• **YOUR INSTRUCTIONS**:
Once the line with "JCB LED GLS" is found in the entries below, repeat it and each following line exactly, up to and including the line with "Dailystorm - Порошенко". Add no other lines.
ENTRIES PROVIDED START
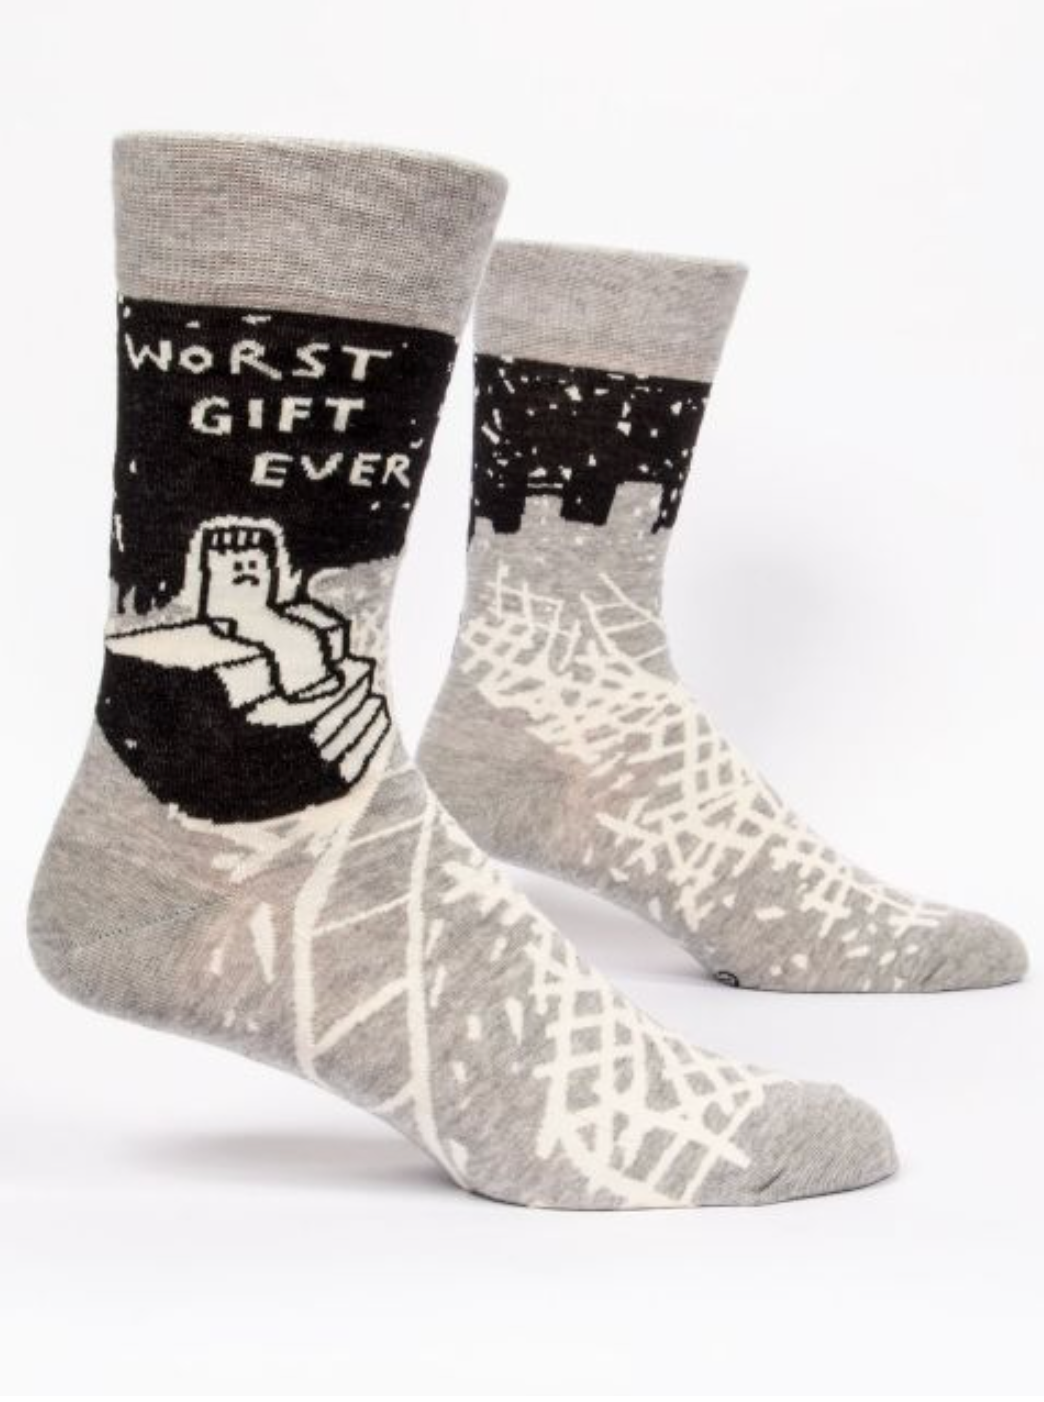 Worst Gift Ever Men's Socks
ENTRIES PROVIDED END
ENTRIES PROVIDED START
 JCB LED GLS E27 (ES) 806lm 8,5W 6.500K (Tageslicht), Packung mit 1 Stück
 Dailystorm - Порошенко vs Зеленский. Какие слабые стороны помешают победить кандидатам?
ENTRIES PROVIDED END
• **TASK RESULT**:
 JCB LED GLS E27 (ES) 806lm 8,5W 6.500K (Tageslicht), Packung mit 1 Stück
 Dailystorm - Порошенко vs Зеленский. Какие слабые стороны помешают победить кандидатам?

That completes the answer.